Plaintiff and the trustee then entered into assignment agreements, dated November 4 and 18, 2016, purporting to assign those claims back to plaintiff and thus to remedy the prior deficiency in standing. Plaintiff then commenced the instant lawsuit. However, the swap agreements require that such further transfer of such rights by the trustee be "pursuant to the [i]ndenture," and the indentures contain no provision authorizing plaintiff, by Issuer Order, to direct the trustee to execute the assignment agreements at issue here. As a result, the assignments were not "pursuant to" the indentures, and the attempted assignments were "null and void," as stated in Section 5.1 of the Schedules to the ISDA Agreement. There is no basis for concluding that this provision is merely a personal covenant (C.U. Annuity Serv. Corp. v Young, 281 AD2d 292, 292 [1st Dept 2001]).
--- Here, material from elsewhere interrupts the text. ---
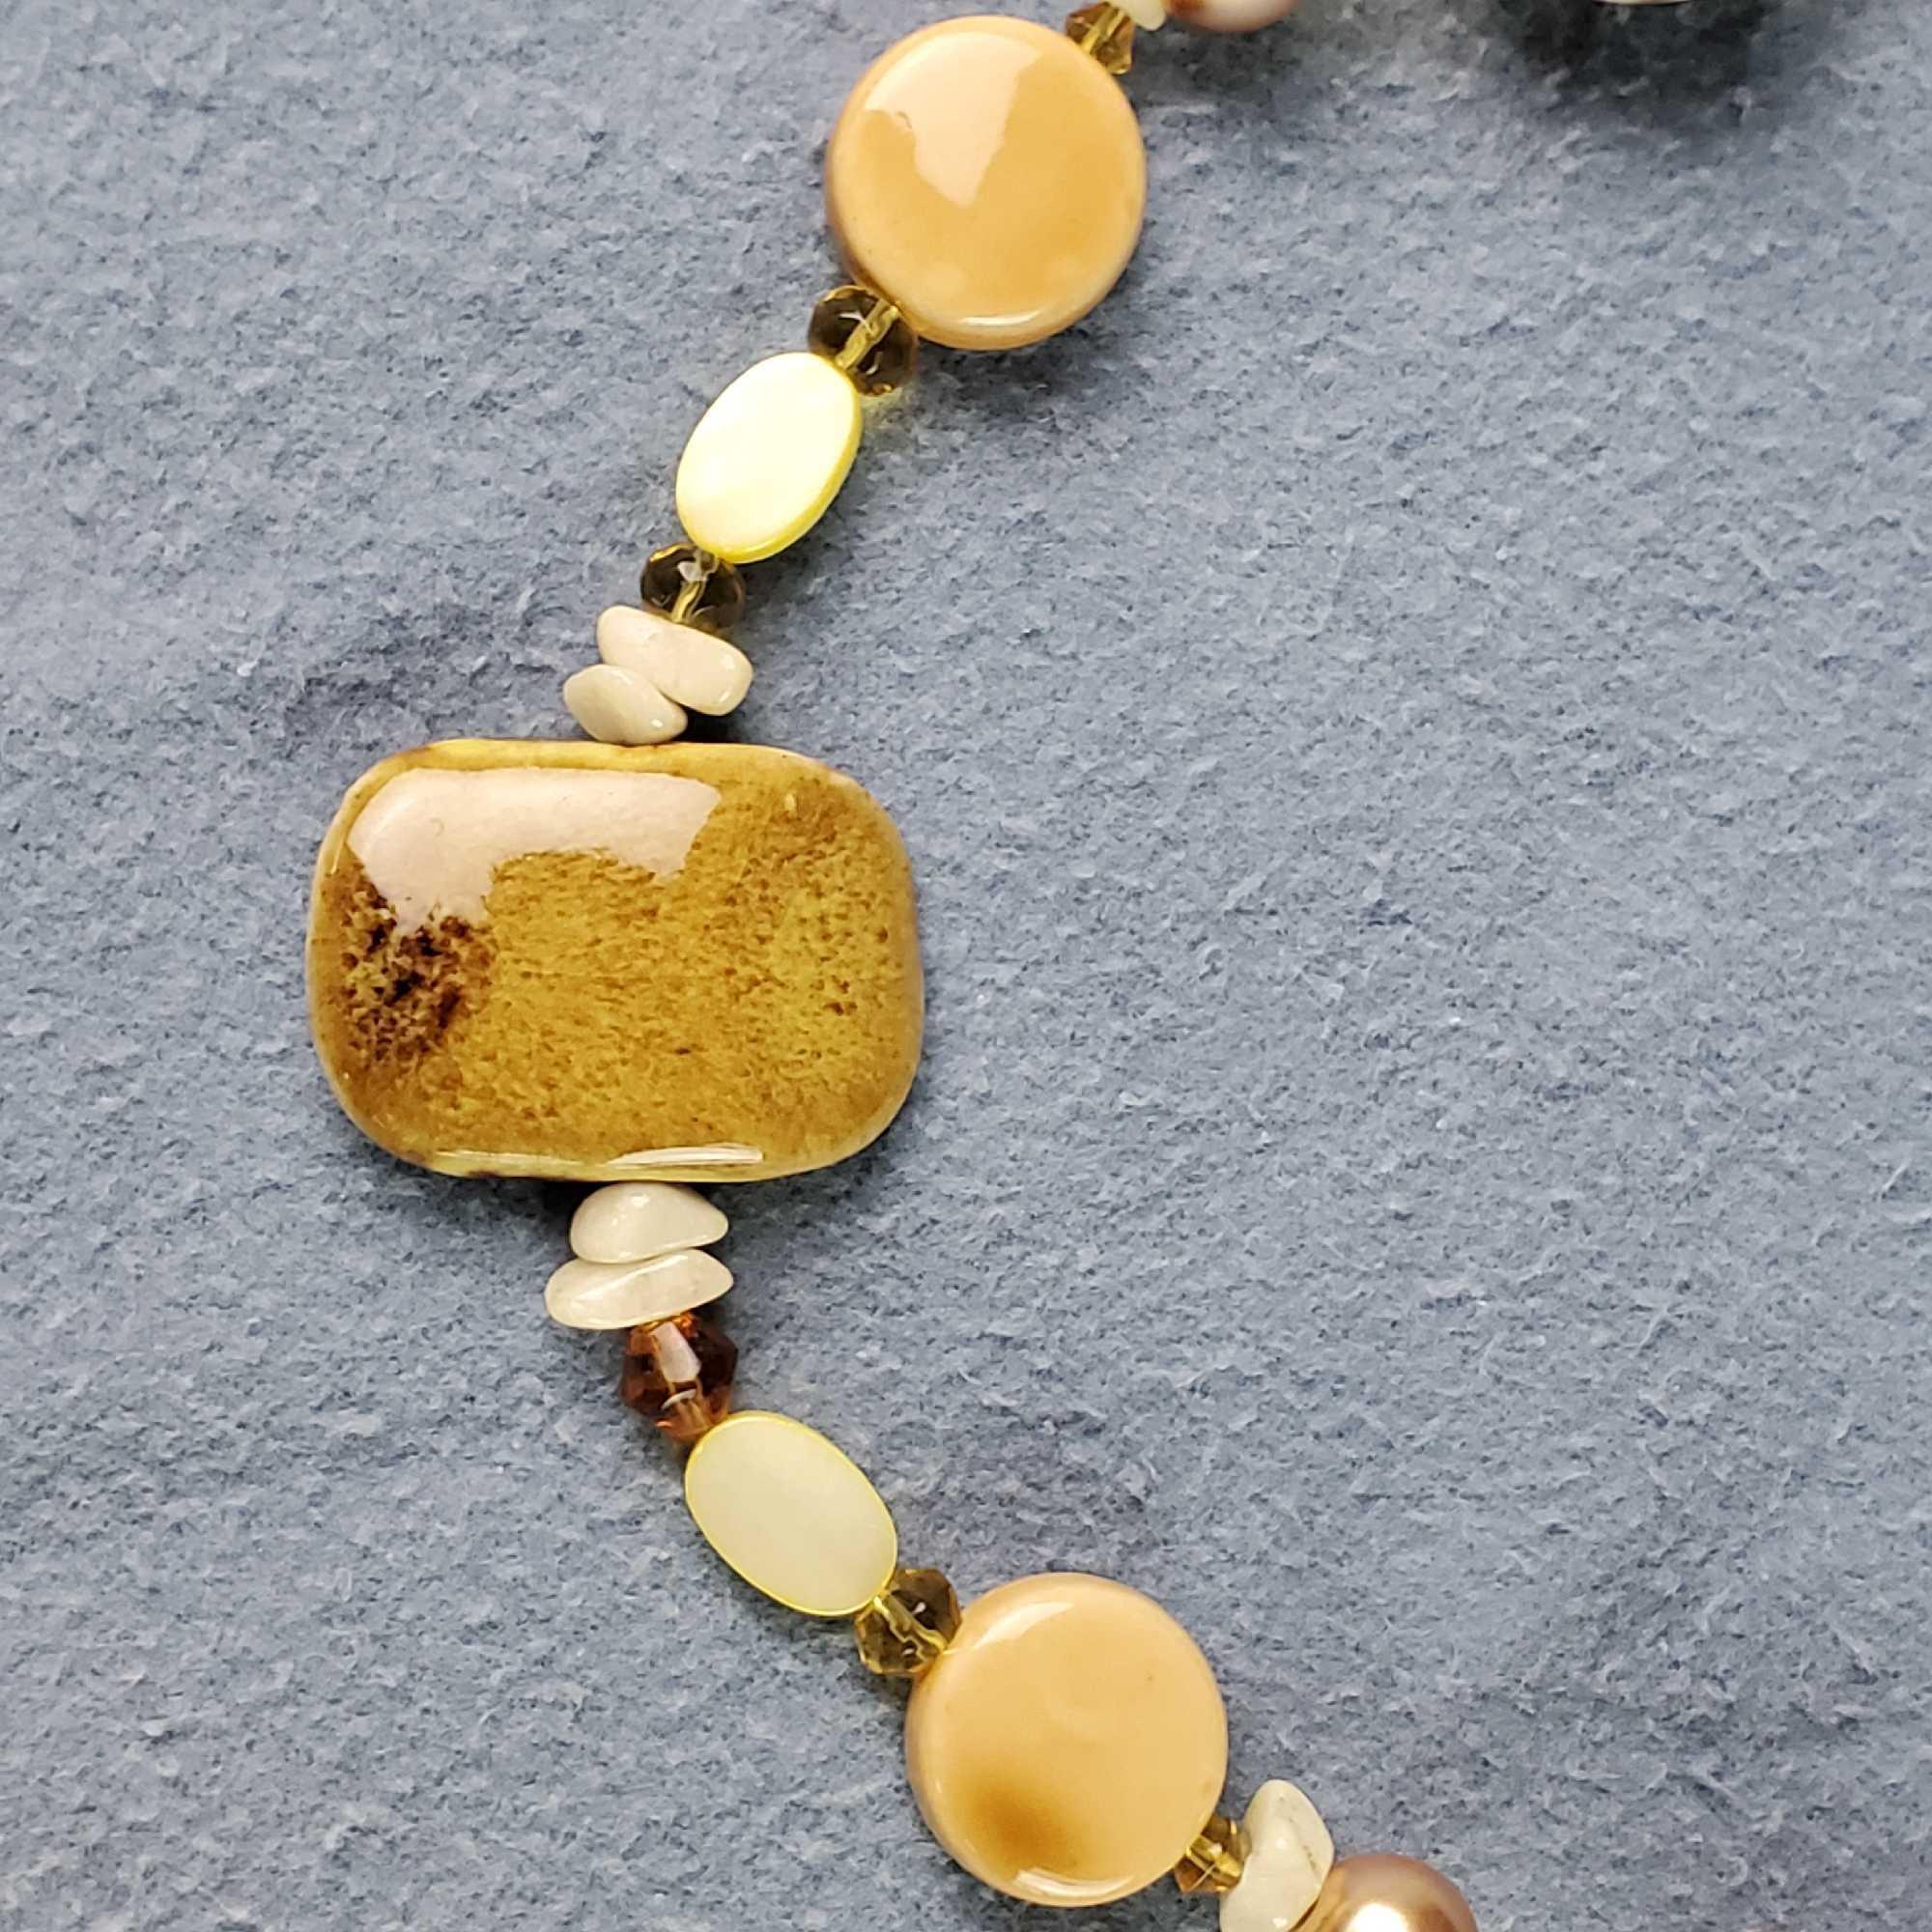 2 unique matching bead/stone necklaces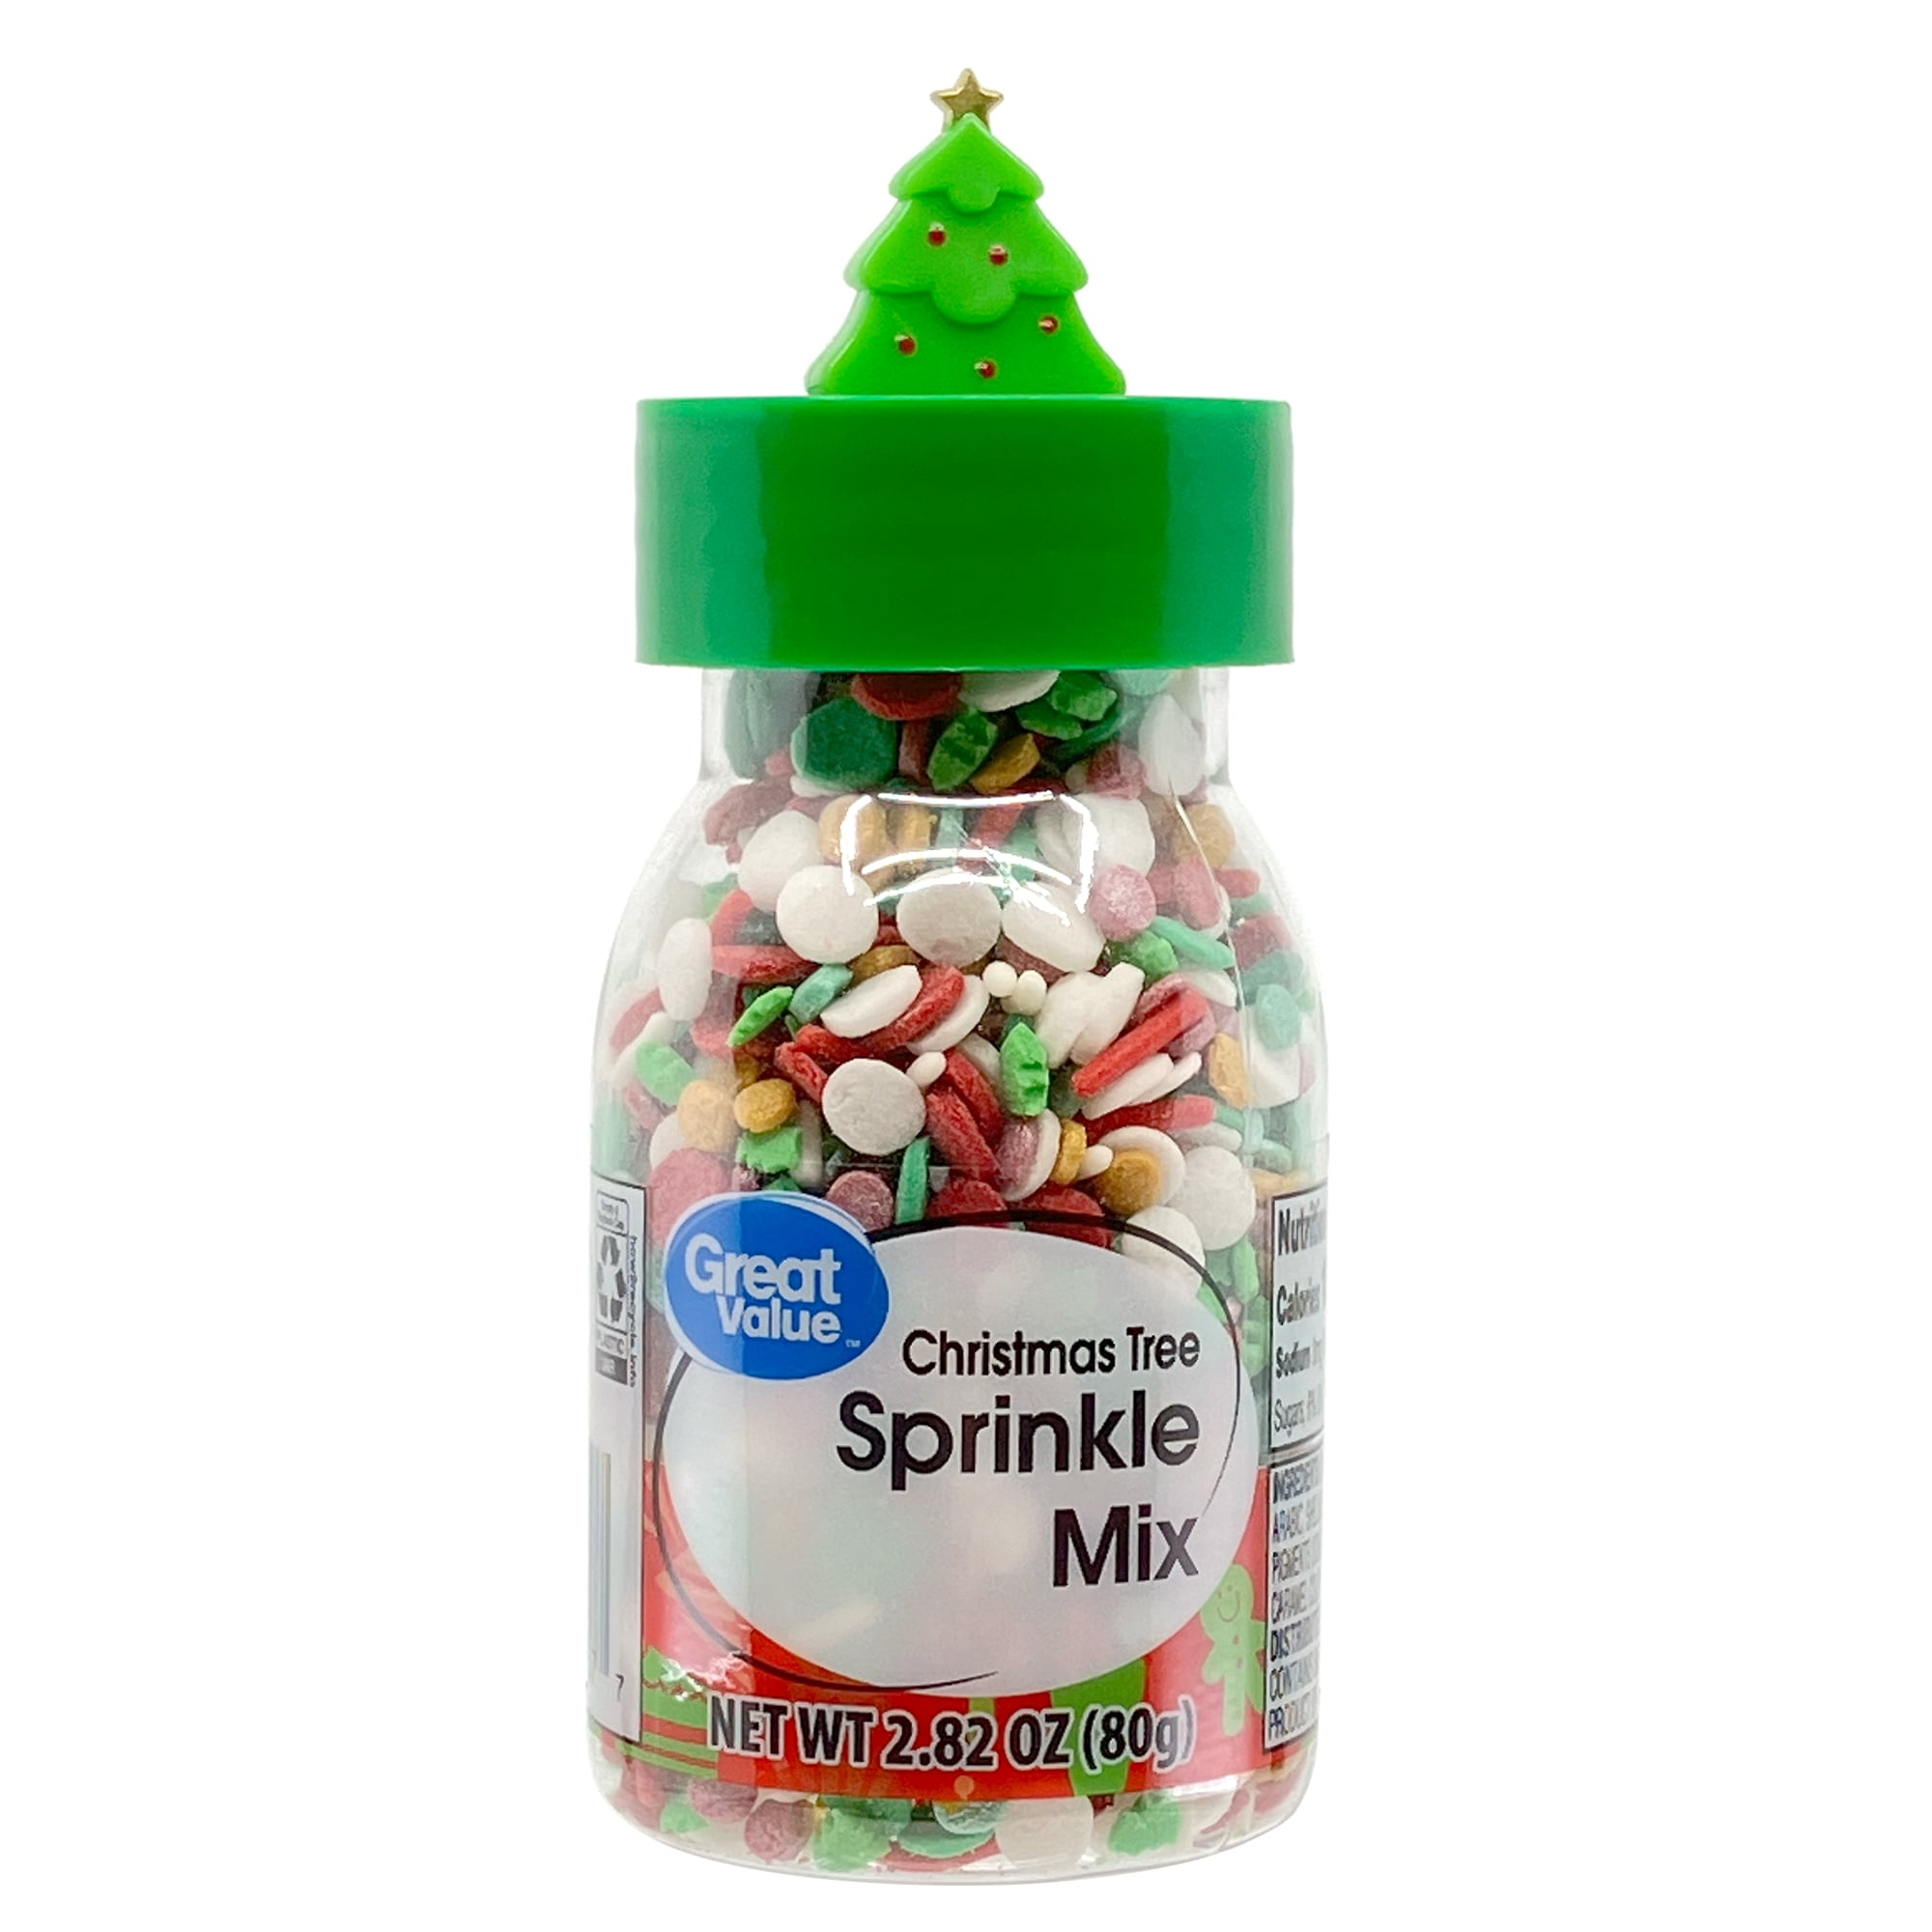 Great Value Christmas Tree Sprinkle Mix, 2.82 oz

Moreover, the court correctly granted defendant's CPLR 3211(a)(5) motion to dismiss all but six breach of contract claims, relating to accountant certifications, on the additional ground that they were barred by the applicable statute of limitations. The court correctly reasoned that plaintiff, who originally timely sued as the "issuer" under the swap agreements, could not rely on CPLR 205(a) when it refiled the suit as assignee of the trustee's claims, which were time-barred [*2]when assigned (Reliance Ins. Co. v PolyVision Corp., 9 NY3d 52, 57 [2007]).

In light of our determination, we need not reach plaintiff's remaining contentions.

THIS CONSTITUTES THE DECISION AND ORDER

OF THE SUPREME COURT, APPELLATE DIVISION, FIRST DEPARTMENT.